Sorry to disturb you all, but I simply cannot get
the linearscan allocator to work. I have upgraded
llvm to mainline cvs. Everything works until I get
to llc -regalloc=linearscan or lli -regalloc=linearscan.

I have installed it on redhat 9 and on Fedora Core
distributions (I even took it as far as to format a new
partition and install Fedora core all over). I have submitted
the bytecode that triggers the error, but IT WORKS
JUST FINE for John (see below). Apparently, the error
only shows itself on my installation.

Guess I must be making some stupid mistake with
my configuration. I do believe that I follow the recipe
given. Now I'm stuck. Any kind of even remote ideas
about what kind of strange dependencies I have violated ?
Anybody running it on RedHat Linux ? RedHat has
been known to ship installations with problems before,
like when they shipped it with a strange gcc version.

Any kind of help is most welcome.

Thanks in advance,
/Finn

John Criswell wrote:

Finn S Andersen wrote:

Sorry to disturb you all, but I simply cannot get
the linearscan allocator to work. I have upgraded
llvm to mainline cvs. Everything works until I get
to llc -regalloc=linearscan or lli -regalloc=linearscan.

I have installed it on redhat 9 and on Fedora Core
distributions (I even took it as far as to format a new
partition and install Fedora core all over). I have submitted
the bytecode that triggers the error, but IT WORKS
JUST FINE for John (see below). Apparently, the error
only shows itself on my installation.

Guess I must be making some stupid mistake with
my configuration. I do believe that I follow the recipe
given. Now I'm stuck. Any kind of even remote ideas
about what kind of strange dependencies I have violated ?
Anybody running it on RedHat Linux ? RedHat has
been known to ship installations with problems before,
like when they shipped it with a strange gcc version.

Any kind of help is most welcome.

We use RedHat in house here, both RedHat 7 and (I believe) 8. We'll be upgrading to RedHat 9 in the future. So, it should work.

I don't know exactly what to suggest, so I'll try to recap to see if there's anything we're overlooking.

Can you send us the following:

1) The LLVM assembly language (.ll file) that is failing.
2) The version of GCC that you are using (gcc -v)
3) A brief description of your hardware, especially if it is something uncommon. I'm assuming your running on x86. Running on another processor (like Sparc or even AMD's new 64 bit chips) might make a difference.
4) The exact command line that you use to configure LLVM, as well as the name of the source and object directory names you use to store the source and object files.
5) A copy of the Makefile.config file that is created in the object root directory after running configure.
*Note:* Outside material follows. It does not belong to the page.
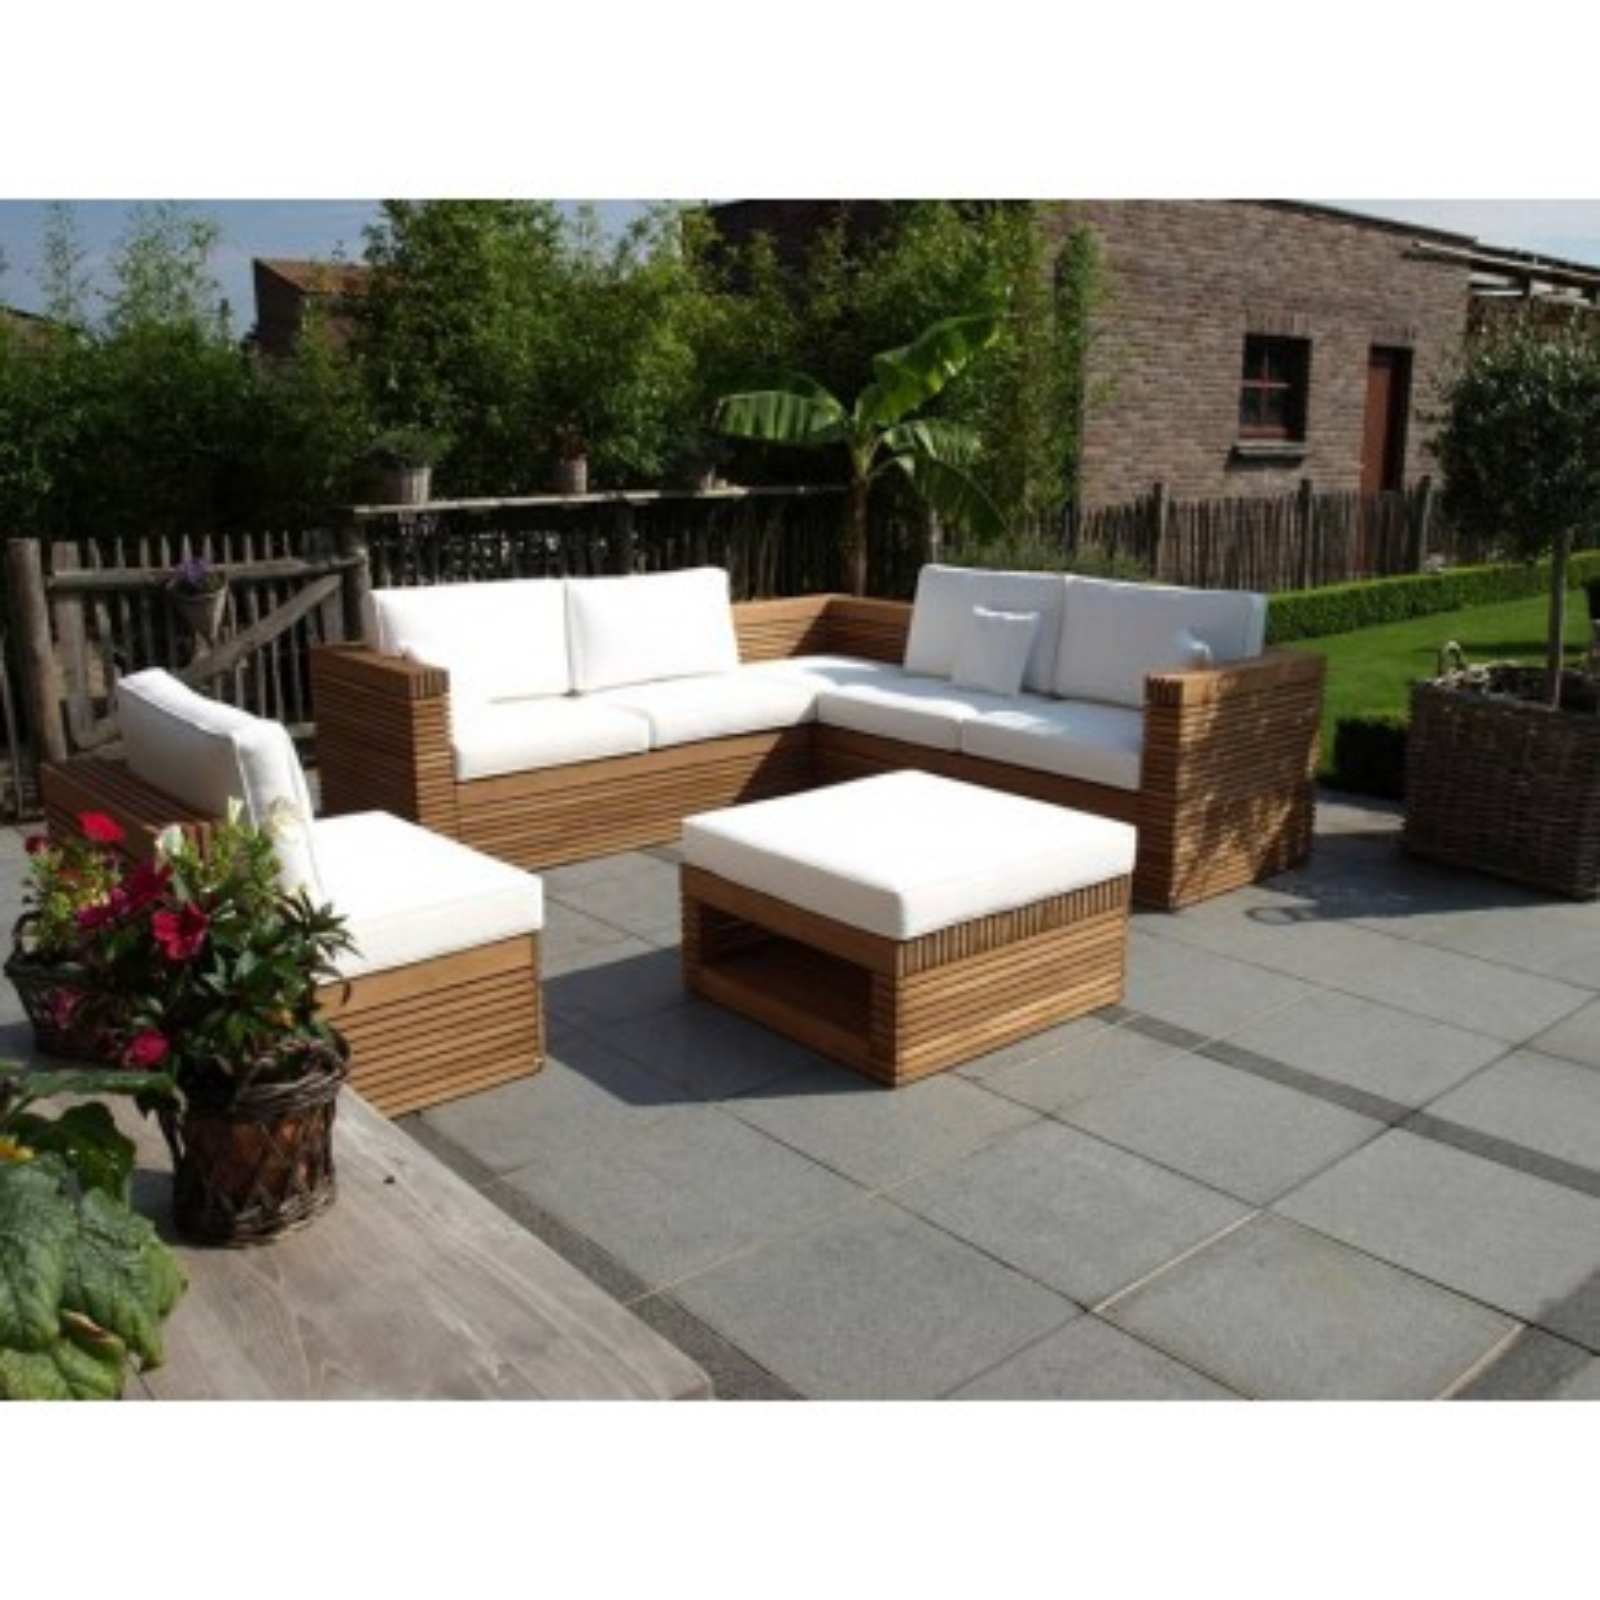 Salon de jardin Vicio en bois exotique | Style design

Can you also do the following:

1) Verify that the input file works correctly for the other register allocators.

-- John T.

Finn S Andersen wrote:
> Sorry to disturb you all, but I simply cannot get
> the linearscan allocator to work. I have upgraded
> llvm to mainline cvs. Everything works until I get
> to llc -regalloc=linearscan or lli -regalloc=linearscan.

In addition to what John asked, can you say HOW it's failing? Does the
program crash? Does the register allocator crash (ie, does llc crash)?

Can you send the output of 'llc -o - foo.bc -debug -print-machineinstrs'?

Can you also do the following:

1) Verify that the input file works correctly for the other register
allocators.

No need to try all of them, just make sure the default allocator works.
If I remember right, you were having problems even with "hello world" type
of programs, so I don't think it's your code.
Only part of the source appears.